▶ [TASK DESCRIPTION]
An exact, picture-free copy of the listing is required.

▶ [DATA SECTION]
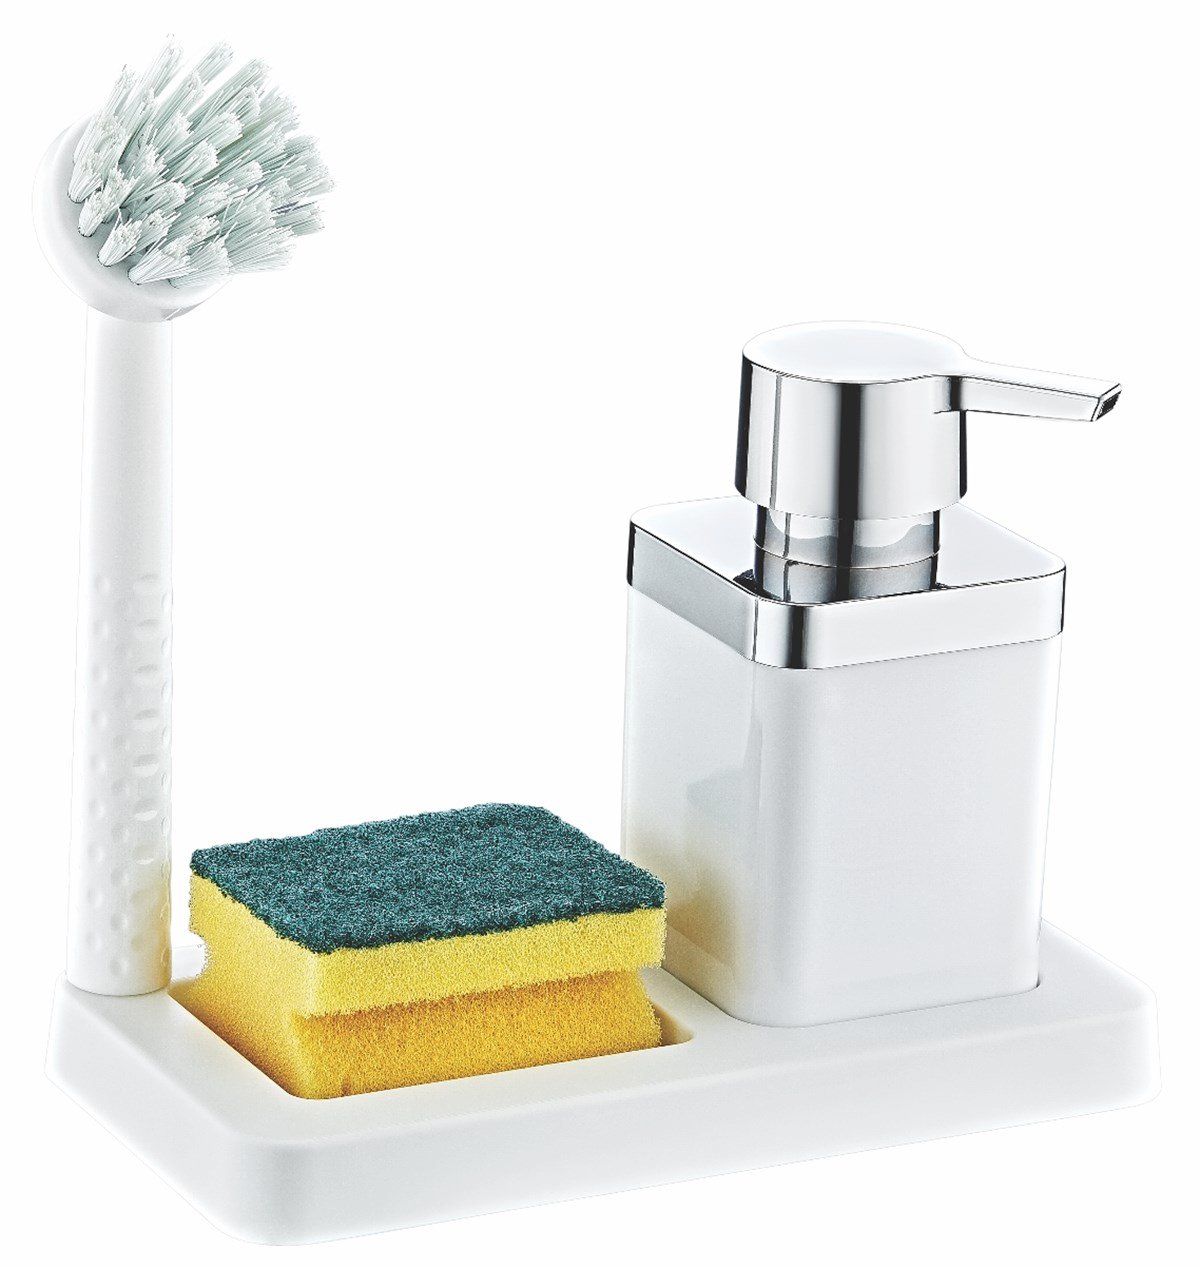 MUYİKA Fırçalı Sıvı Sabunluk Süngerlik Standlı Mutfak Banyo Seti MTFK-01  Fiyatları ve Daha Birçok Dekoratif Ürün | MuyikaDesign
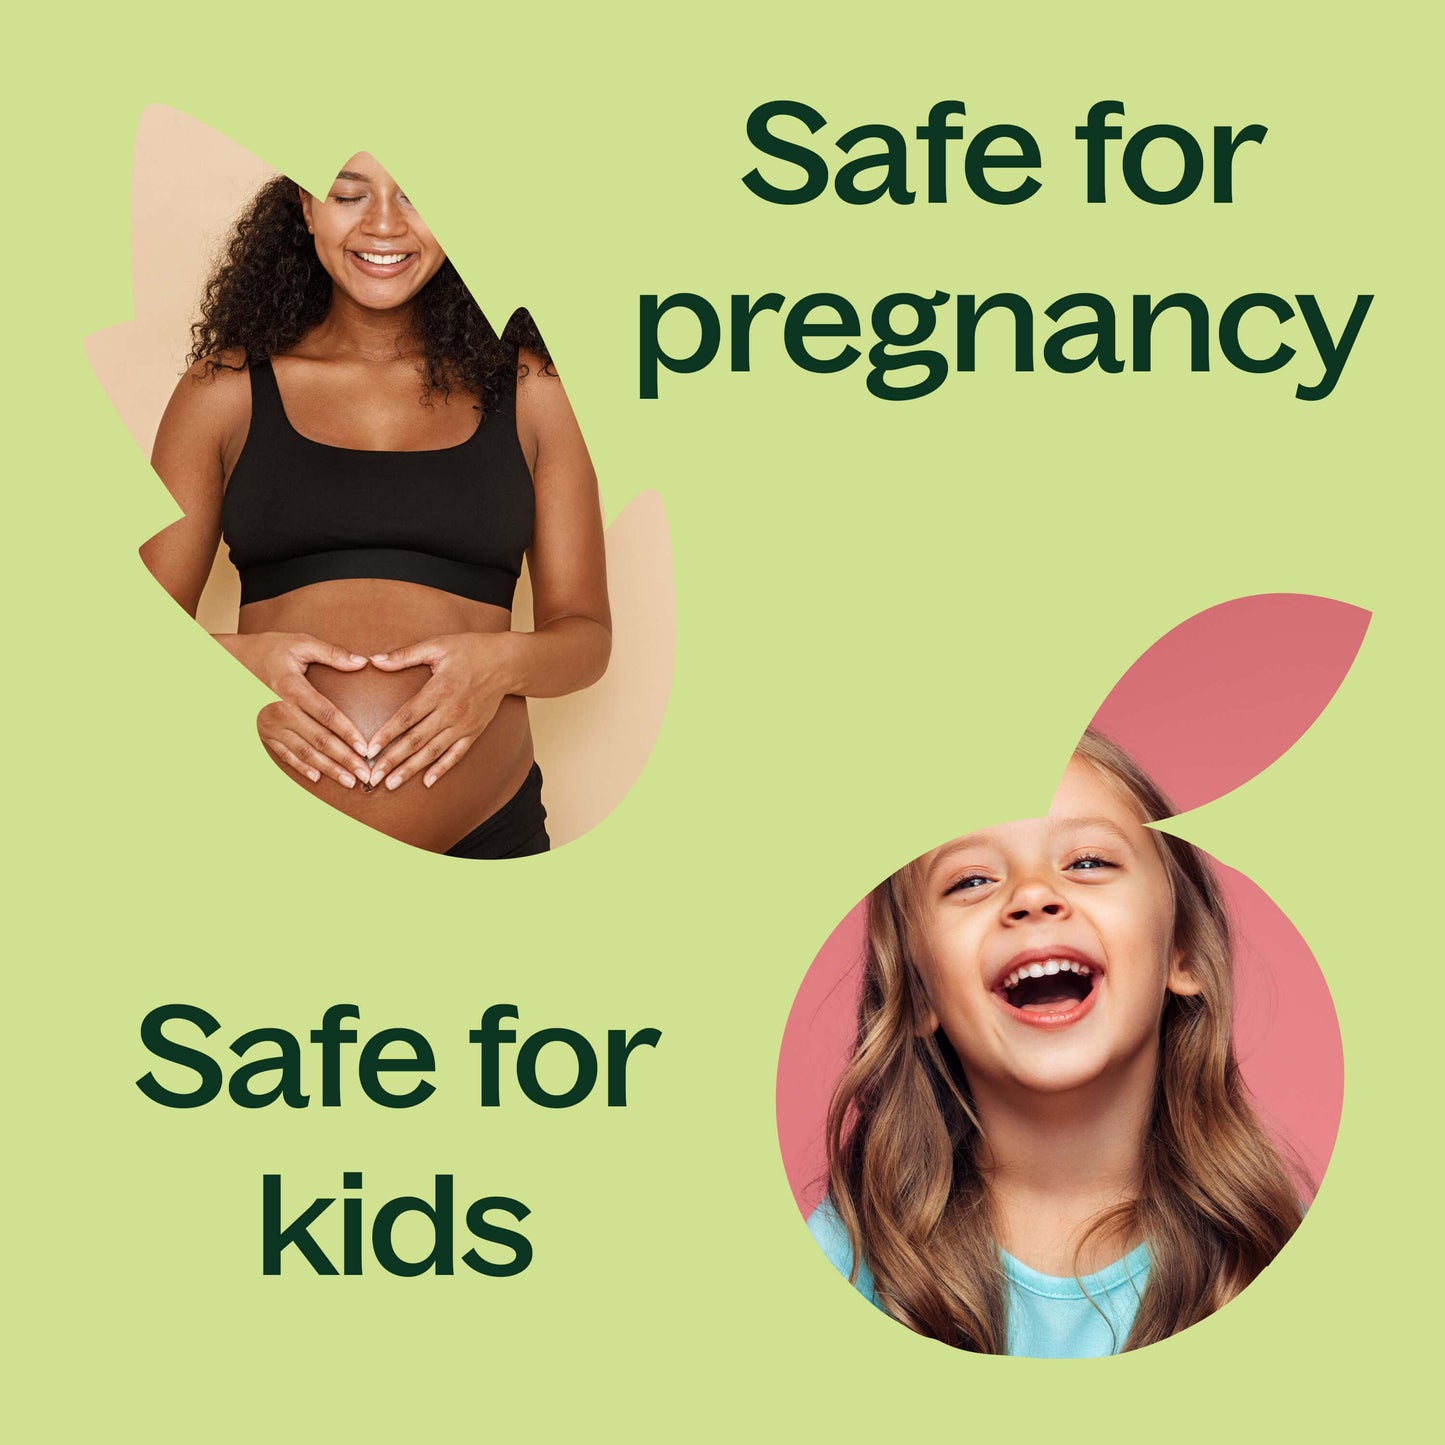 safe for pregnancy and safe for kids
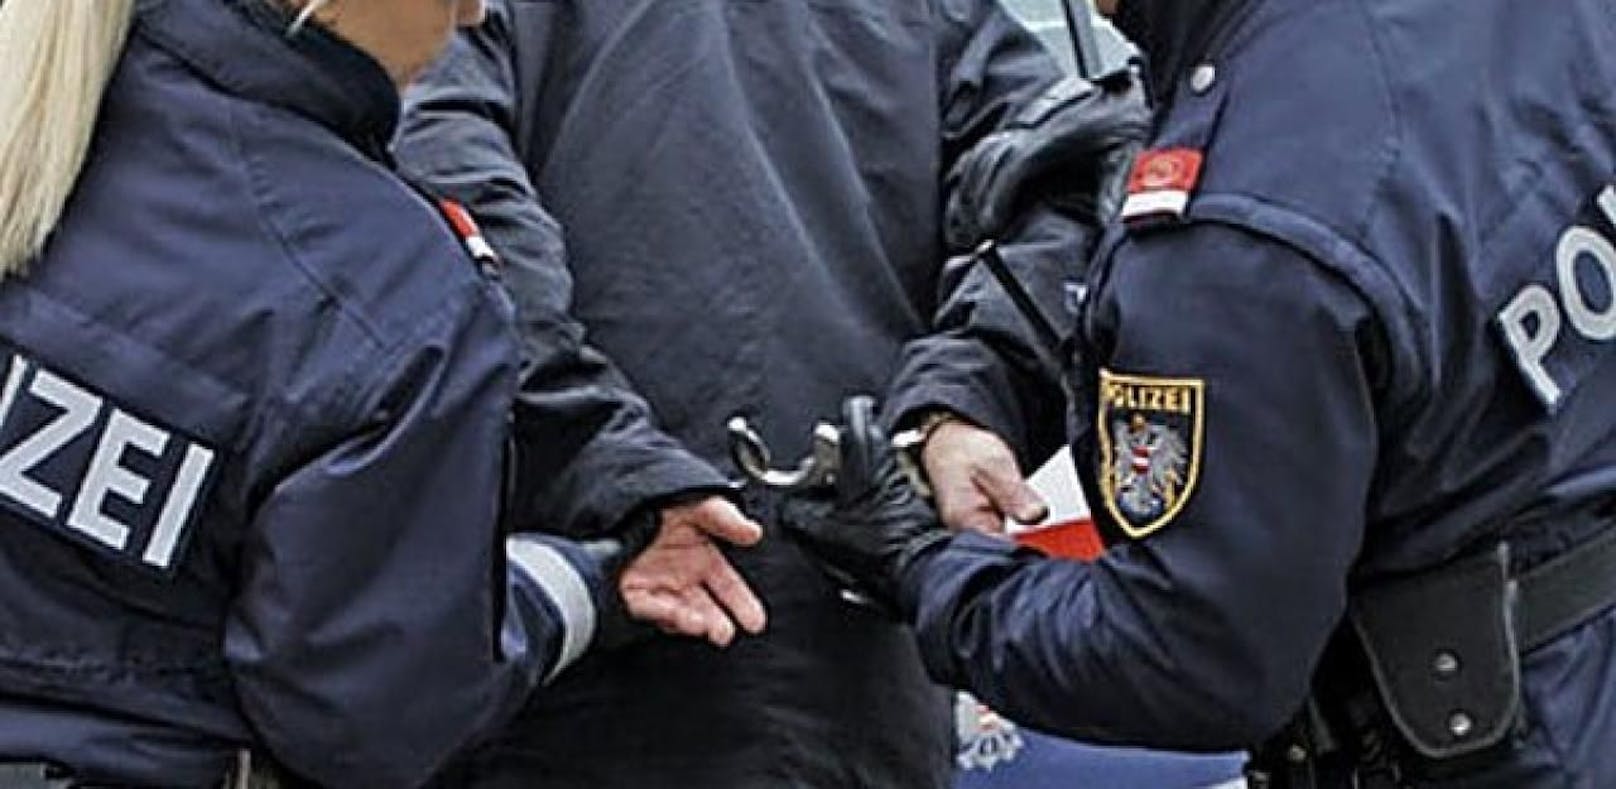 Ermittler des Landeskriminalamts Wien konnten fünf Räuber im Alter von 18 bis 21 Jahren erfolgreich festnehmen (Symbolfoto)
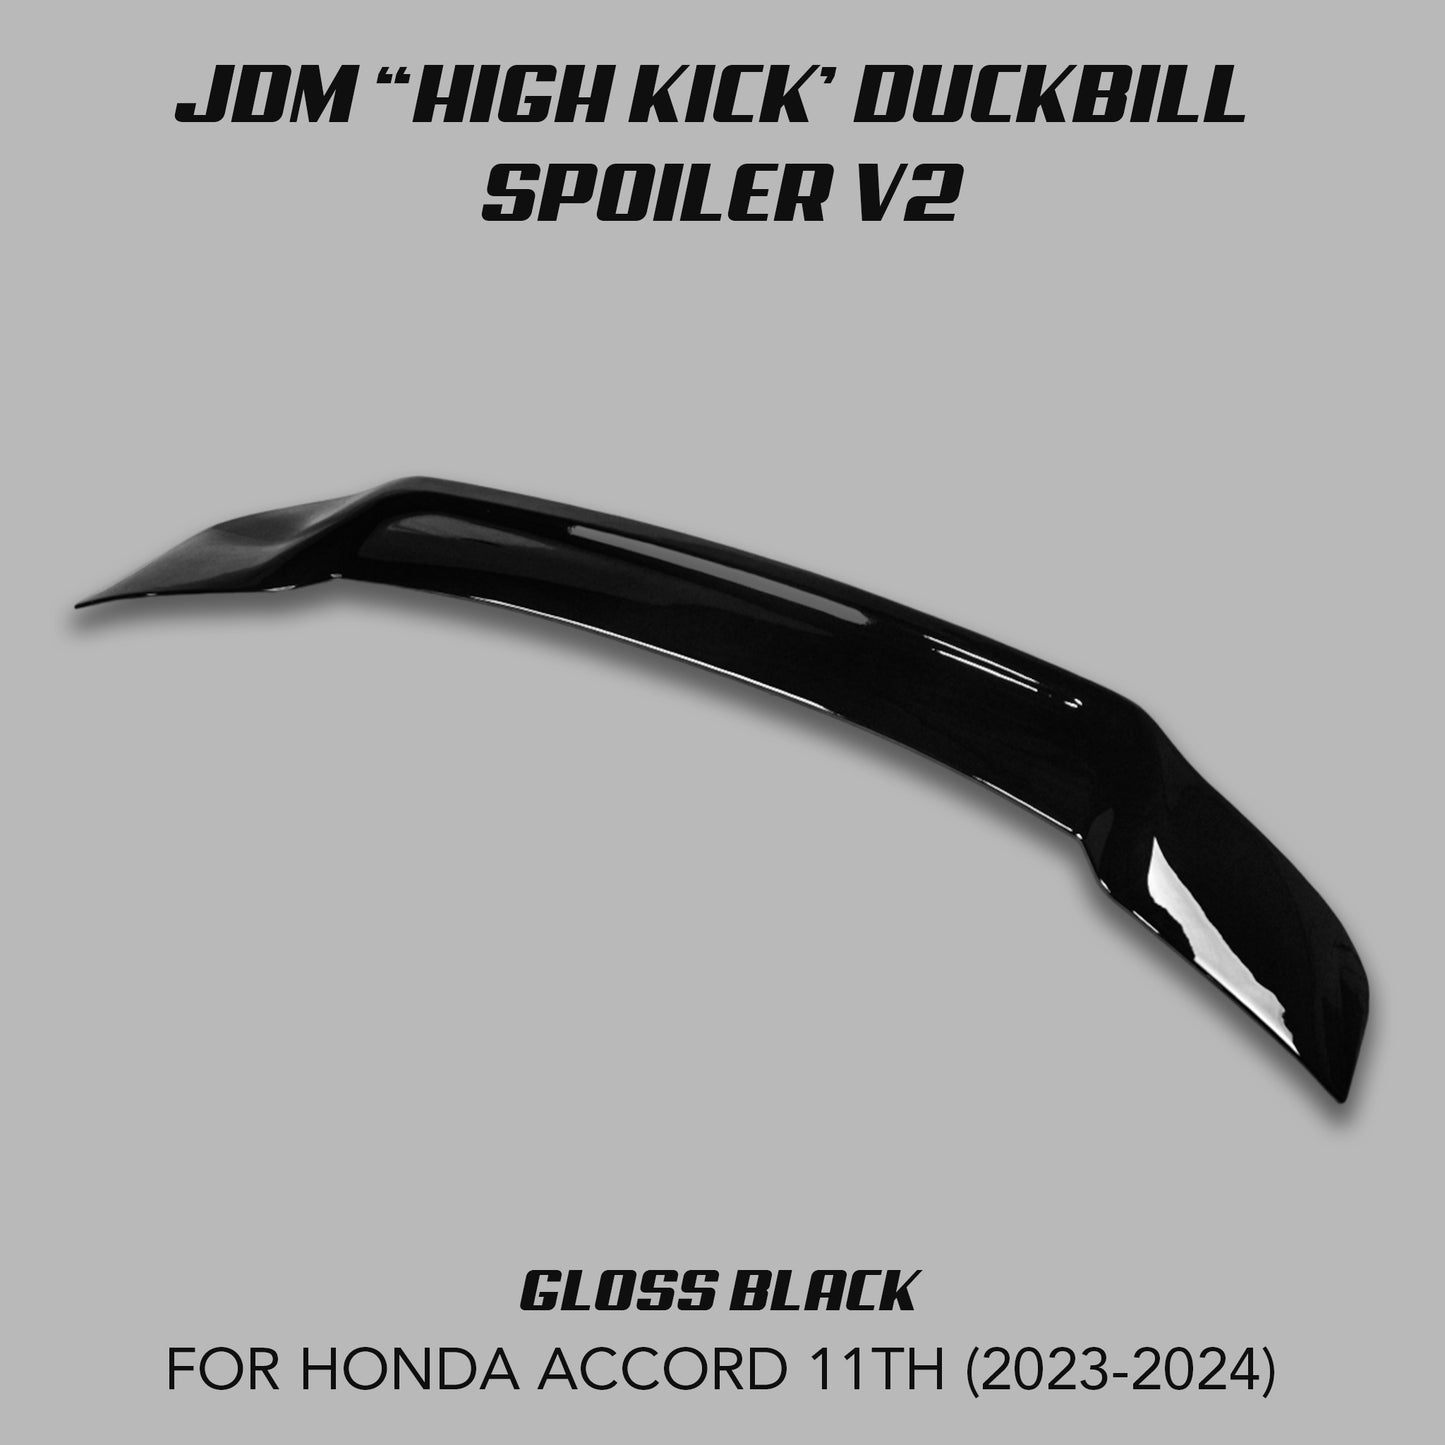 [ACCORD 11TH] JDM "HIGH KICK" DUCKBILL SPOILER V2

▶ [ANSWER]
 MUYİKA Fırçalı Sıvı Sabunluk Süngerlik Standlı Mutfak Banyo Seti MTFK-01  Fiyatları ve Daha Birçok Dekoratif Ürün | MuyikaDesign
 safe for pregnancy and safe for kids
 Ermittler des Landeskriminalamts Wien konnten fünf Räuber im Alter von 18 bis 21 Jahren erfolgreich festnehmen (Symbolfoto)
 [ACCORD 11TH] JDM "HIGH KICK" DUCKBILL SPOILER V2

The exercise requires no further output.